Тем не менее, поддерживаемая усилиями министерства пропаганды, а также военными, идея создания фиктивного правительства продолжала существовать. В начале марта Гроте официально выступил в поддержку «русского де Голля» (на самом деле довольно сильно вводящее в заблуждение обозначение). Подчеркнув мощь российского патриотизма, он отчитывался перед начальством: «По мнению специалистов, которые знают менталитет населения (например, учителей, бургомистров, чиновников и пропагандистов) и которые наблюдали за воздействием немецкой пропаганды на вражескую сторону в последние месяцы, эффект «нашей» пропаганды значительно усилился бы, если бы были задействованы силы коренных народов. Использование (Einschaltern – подключение) национальных образований, движений или даже фиктивного правительства обеспечило бы возможность русским обратиться к русским с призывом бороться против Сталина.

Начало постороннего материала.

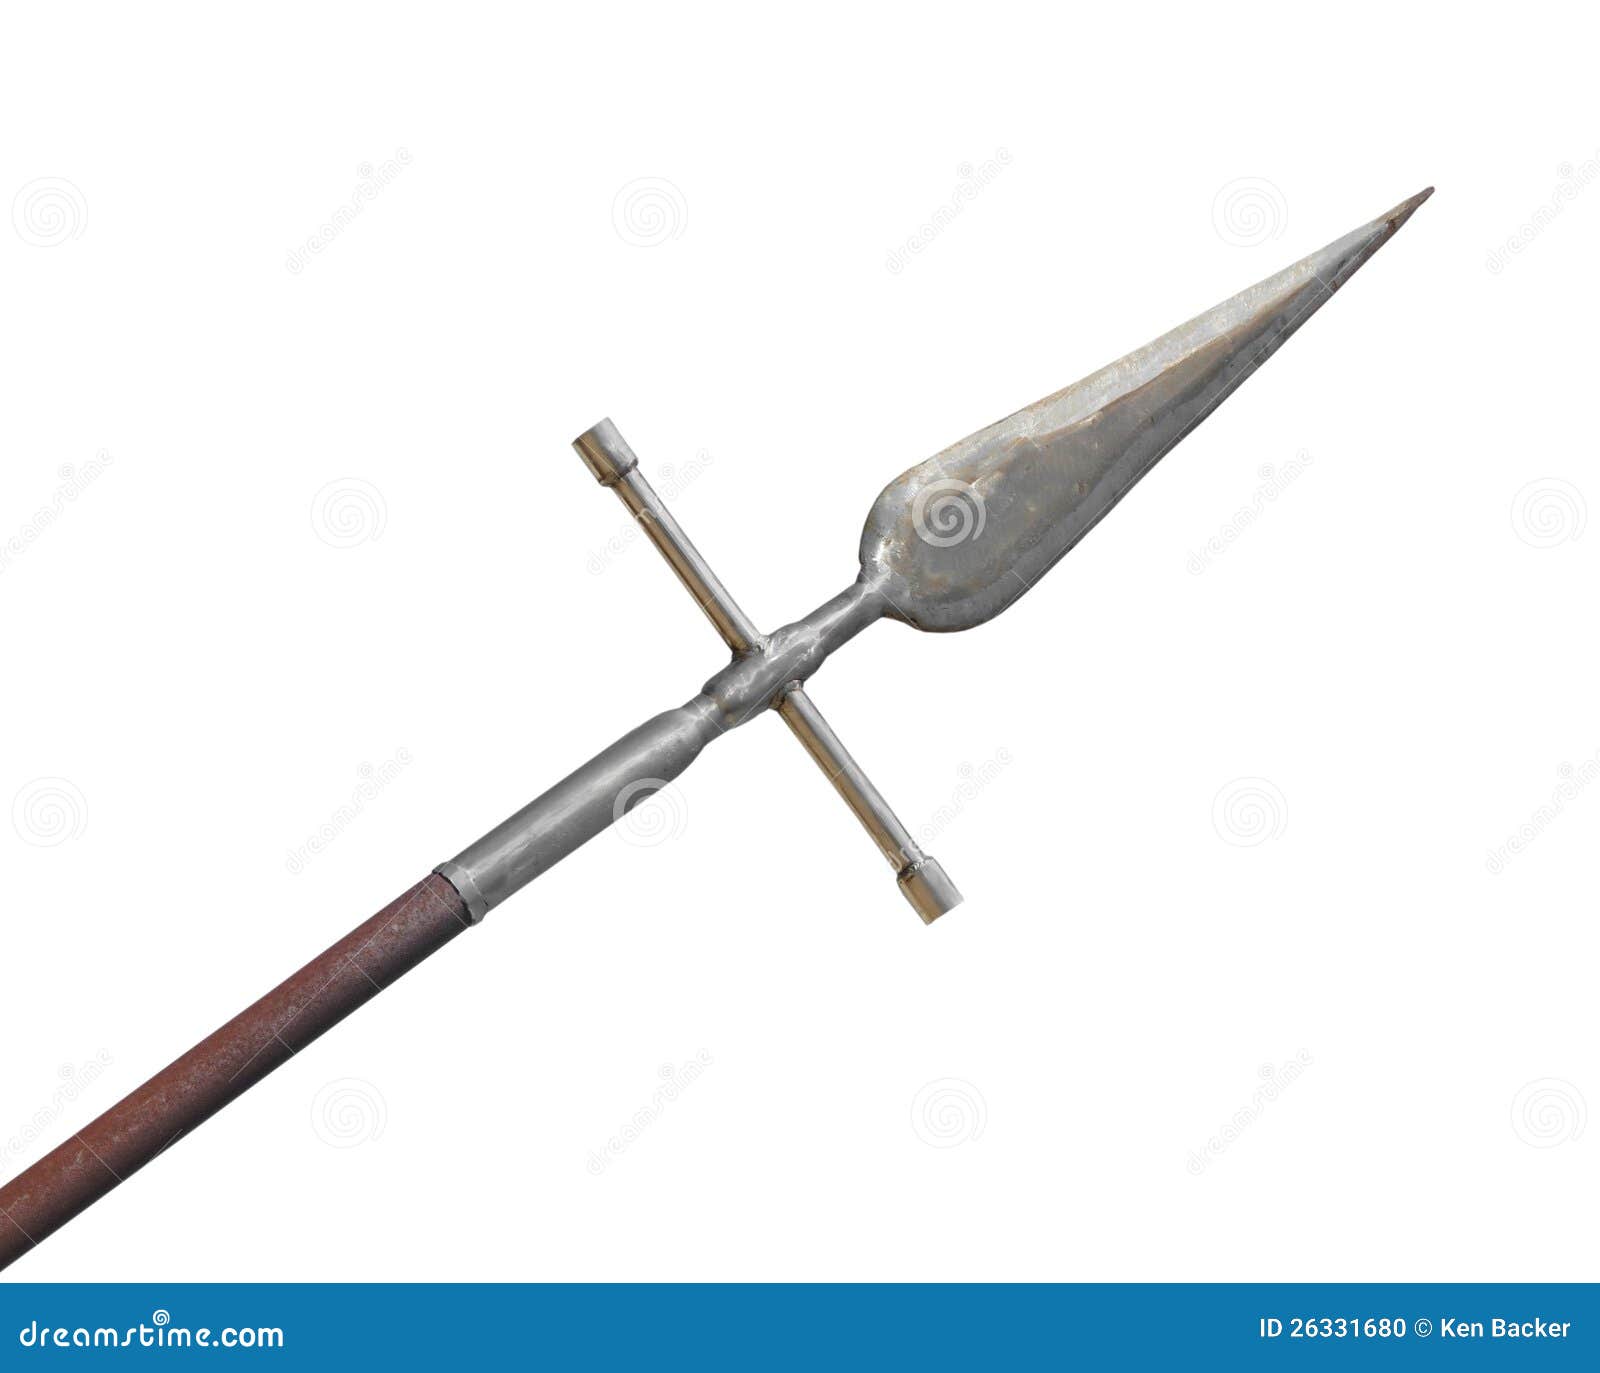 metal lance or spear head with shaft .

Таким образом, было бы устранено обвинение в том, что Советский Союз завоевывается фашистскими захватчиками с целью порабощения…»

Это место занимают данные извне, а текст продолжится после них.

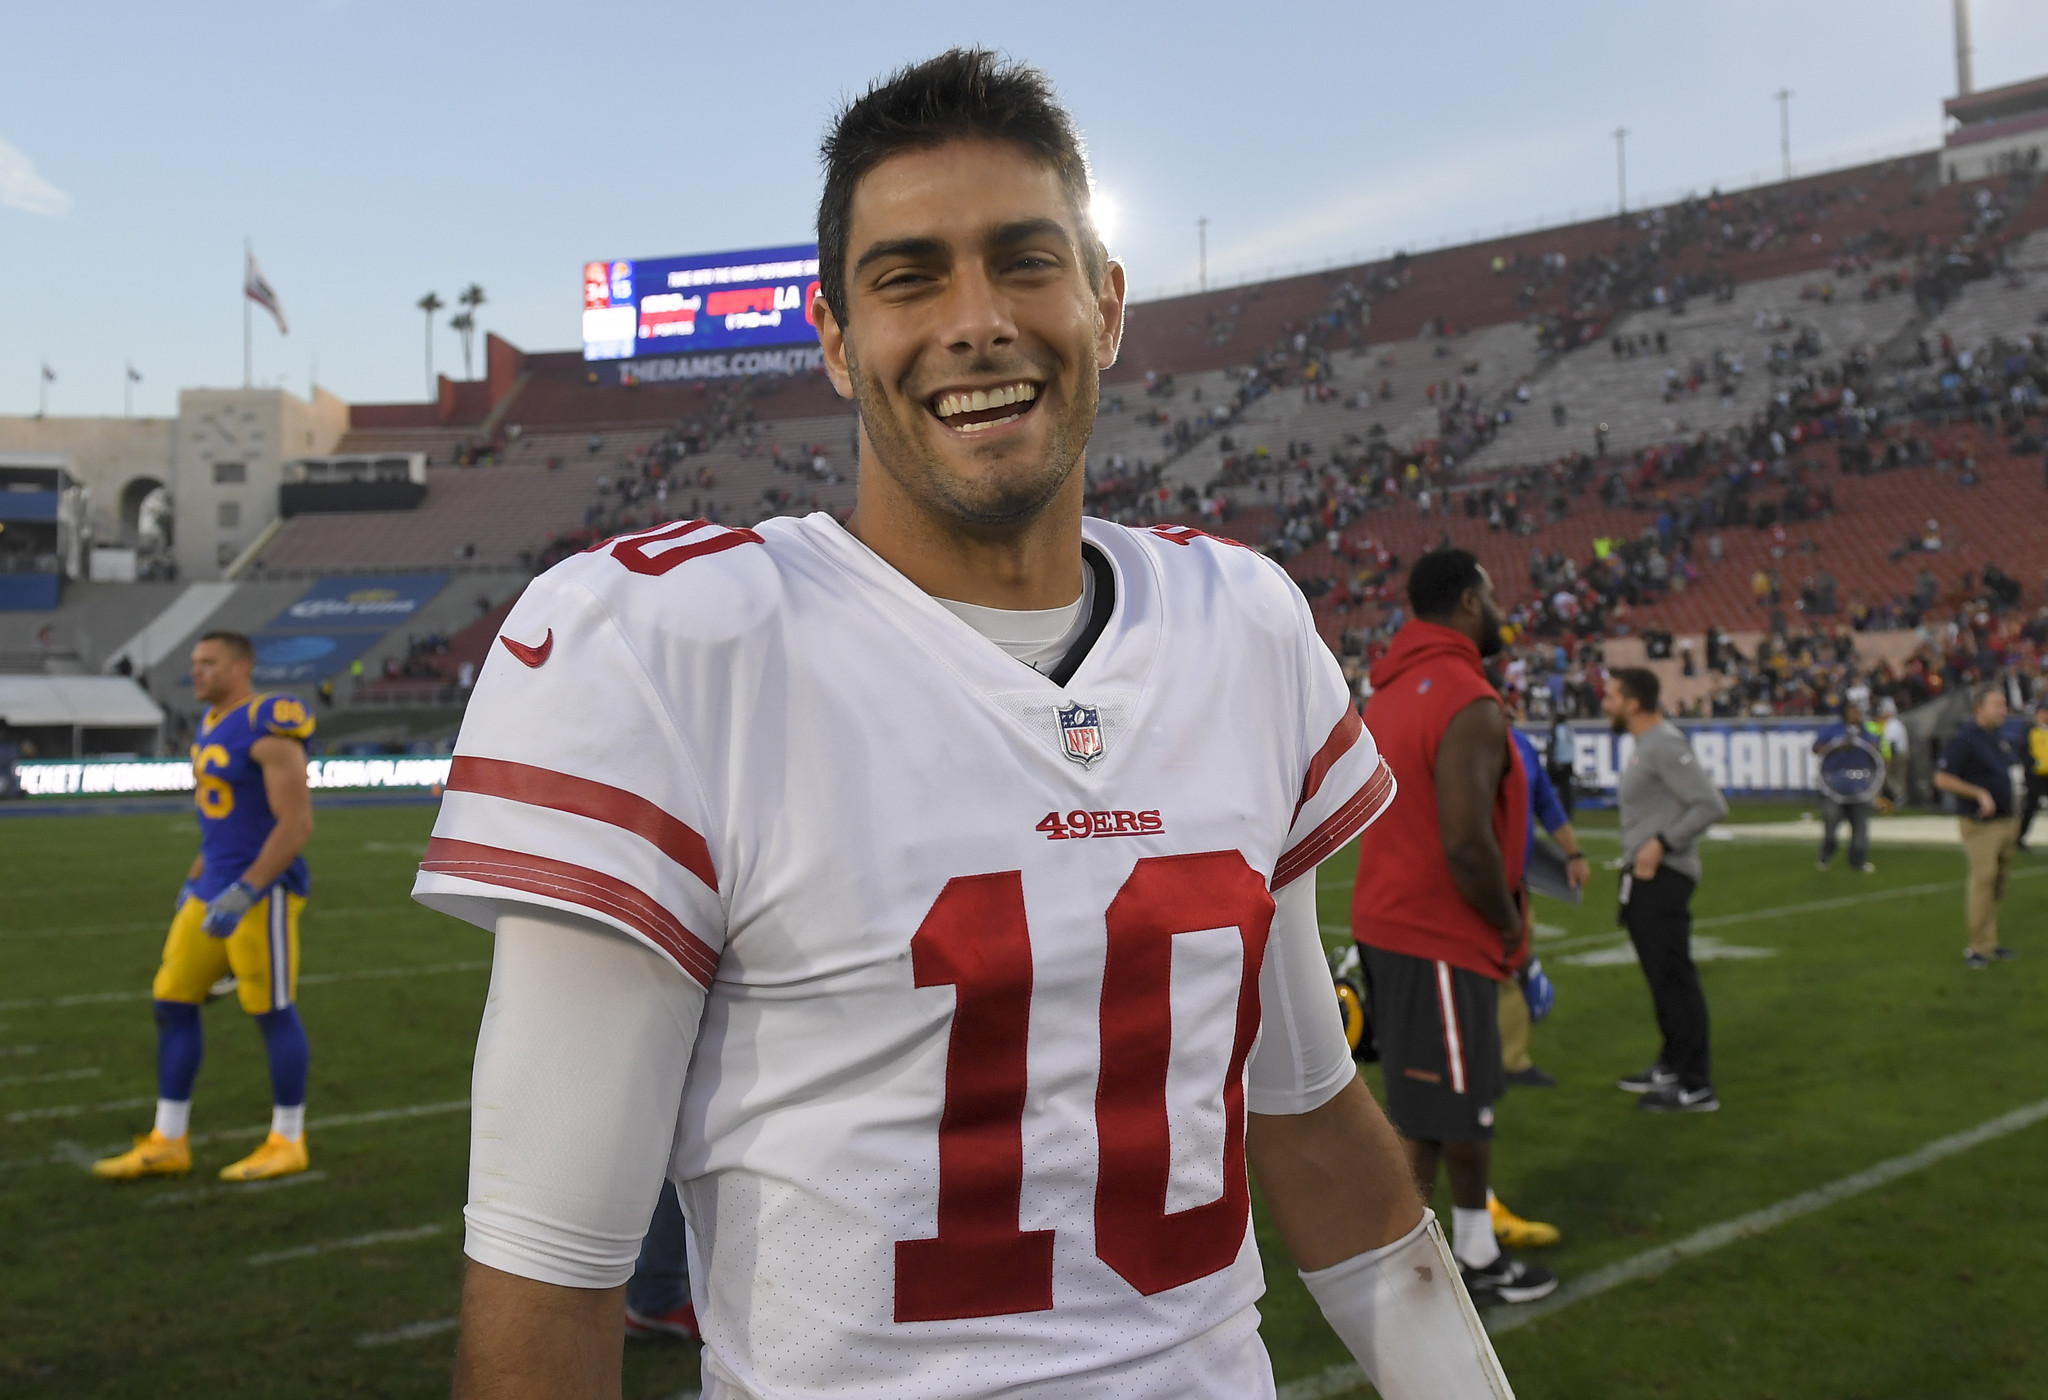 49ers re-sign QB Jimmy Garoppolo to 5-year deal worth $137.5 million - Chicago Tribune2048 x 1400

Точный ход последующих событий остается неясным, но аналогичные предложения продолжали распространяться, доходя даже до военного адъютанта фюрера. В апреле 1942 г. министерство Розенберга узнало, что, по мнению «кругов, близких к фюреру», при определенных обстоятельствах можно было бы поднять «даже вопрос об оппозиционных правительствах. Решение о том, какое оппозиционное правительство будет задействовано, фактическое или фиктивное (faktische oder flngierte), пока нет возможности принять». По-видимому, именно Бройтигам сообщил об этом изменении настроений и продолжал настаивать на этом. Спустя полгода, когда пропаганда вермахта уже инициировала свою первую «акцию Власова», он снова рекомендовал смелый шаг. Люди на Востоке осознали, что «для Германии лозунг «освобождения от большевизма» является всего лишь предлогом для порабощения восточнославянских народов». Вместо этого «русскому народу нужно поведать что-то конкретное о его будущем… ранее, в качестве наилучшего средства, предлагалось создание своего рода оппозиционного Сталину правительства, состоящего из военнопленного генерала Красной армии или, если кто-то хочет избежать термина «правительство», просто генерала-перебежчика – скажем, по образцу де Голля, – который стал бы точкой кристаллизации для всех красноармейцев, недовольных Сталиным».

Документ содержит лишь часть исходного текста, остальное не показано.